- [Data extract]
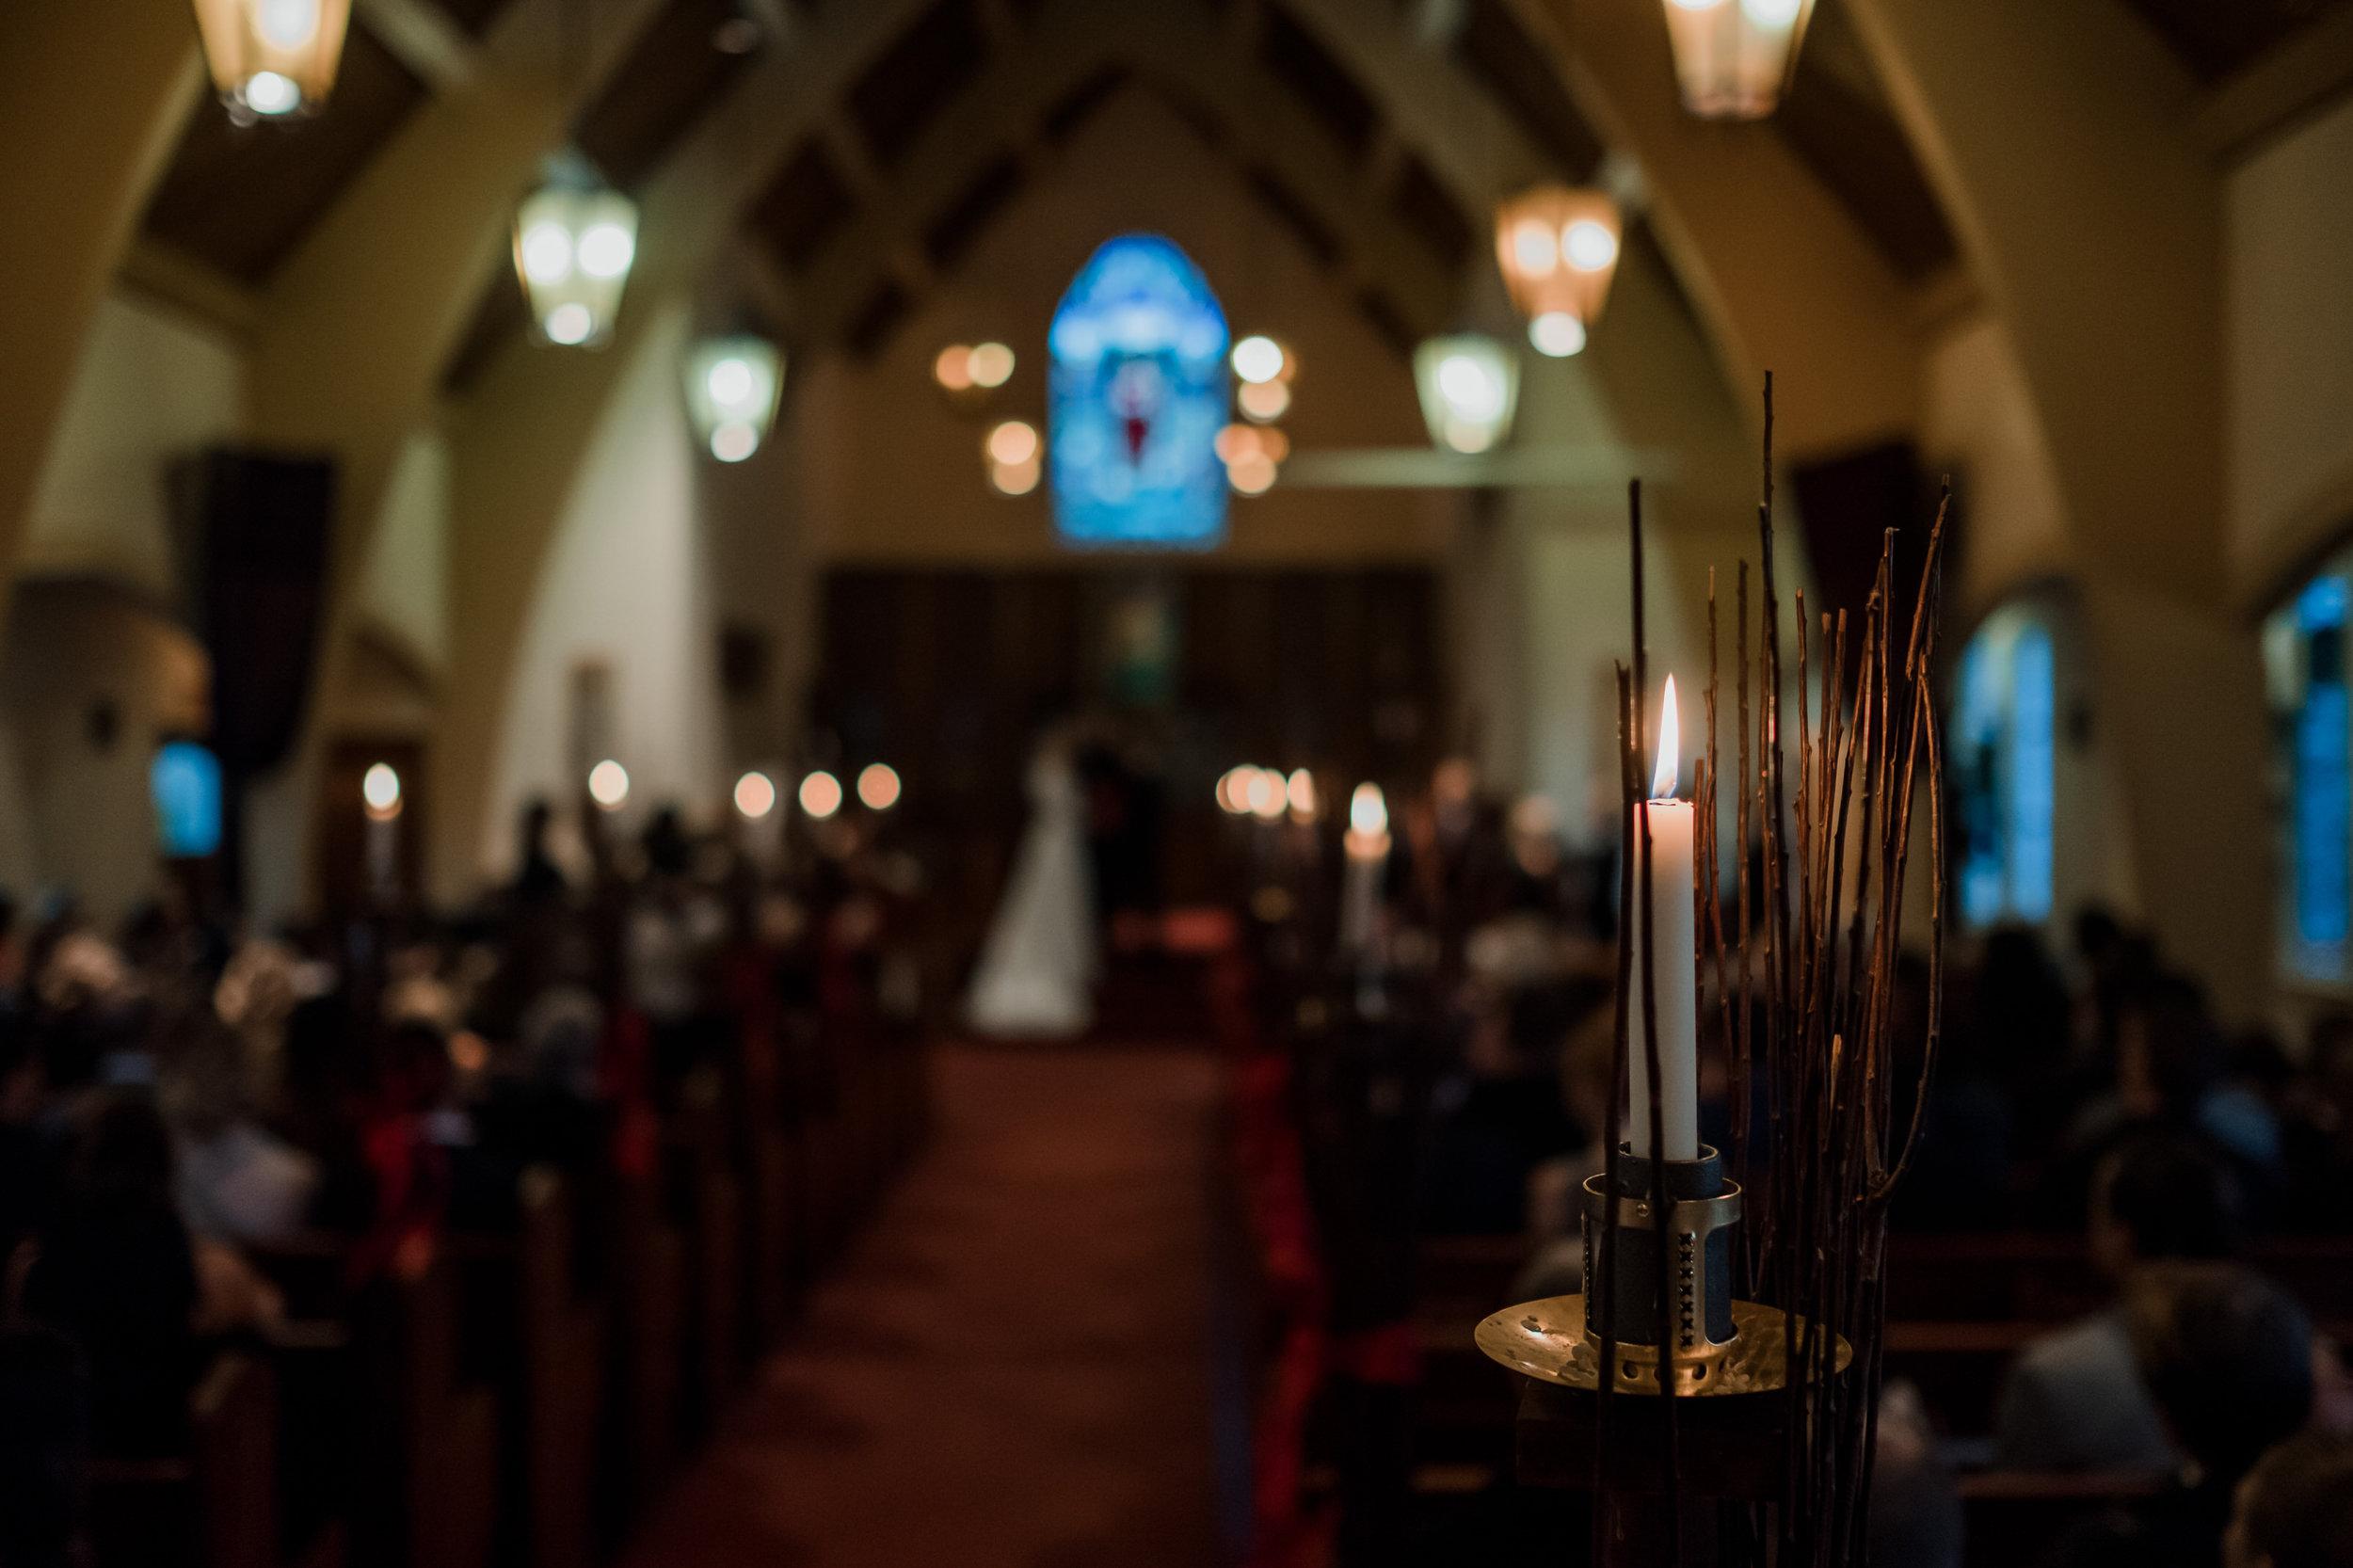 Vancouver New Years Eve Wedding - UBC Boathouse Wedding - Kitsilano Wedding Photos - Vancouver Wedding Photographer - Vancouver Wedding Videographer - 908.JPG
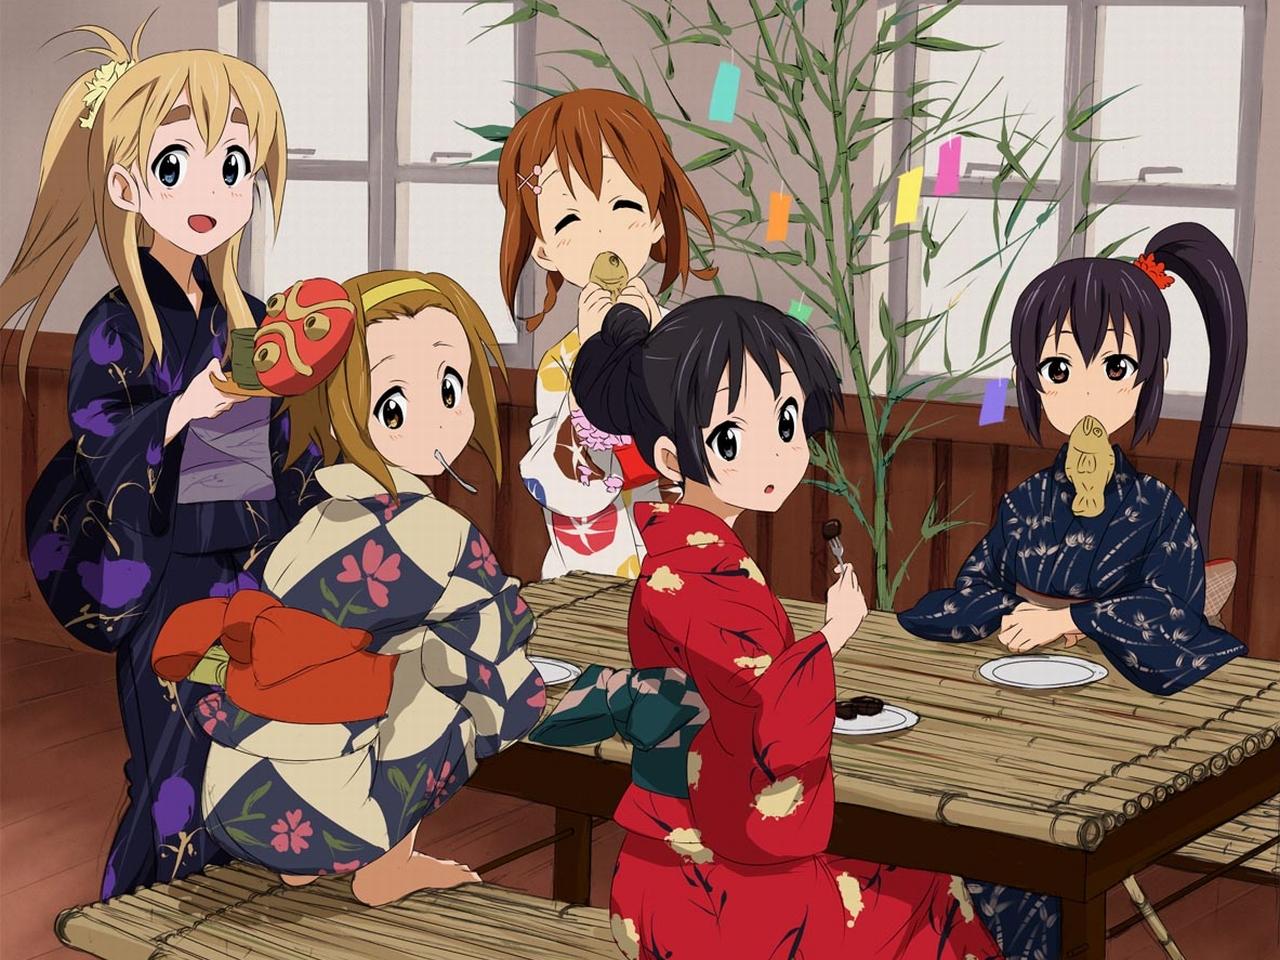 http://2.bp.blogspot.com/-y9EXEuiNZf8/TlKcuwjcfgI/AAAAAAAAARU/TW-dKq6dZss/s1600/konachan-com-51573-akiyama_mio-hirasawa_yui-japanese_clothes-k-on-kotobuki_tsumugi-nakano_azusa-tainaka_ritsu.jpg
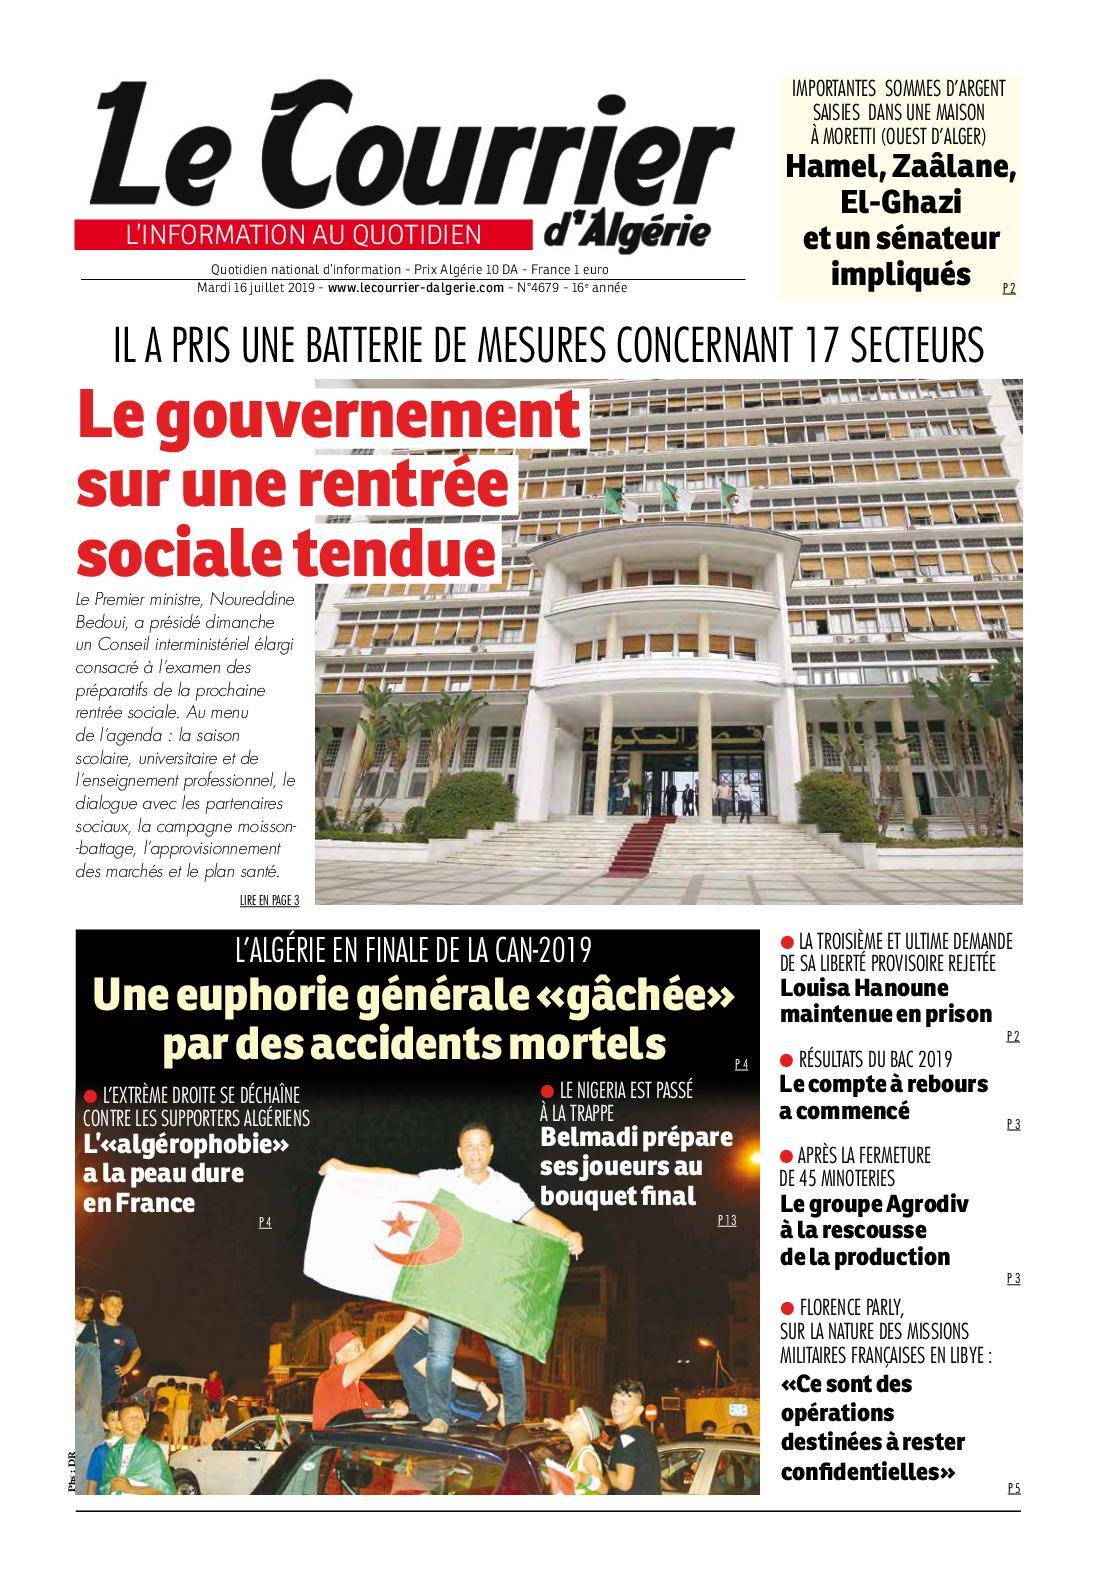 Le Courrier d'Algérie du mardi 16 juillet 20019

- [Assignment]
Please repeat each line above exactly as it appears, but omit the pictures.

- [Problem solution]
 Vancouver New Years Eve Wedding - UBC Boathouse Wedding - Kitsilano Wedding Photos - Vancouver Wedding Photographer - Vancouver Wedding Videographer - 908.JPG
 http://2.bp.blogspot.com/-y9EXEuiNZf8/TlKcuwjcfgI/AAAAAAAAARU/TW-dKq6dZss/s1600/konachan-com-51573-akiyama_mio-hirasawa_yui-japanese_clothes-k-on-kotobuki_tsumugi-nakano_azusa-tainaka_ritsu.jpg
 Le Courrier d'Algérie du mardi 16 juillet 20019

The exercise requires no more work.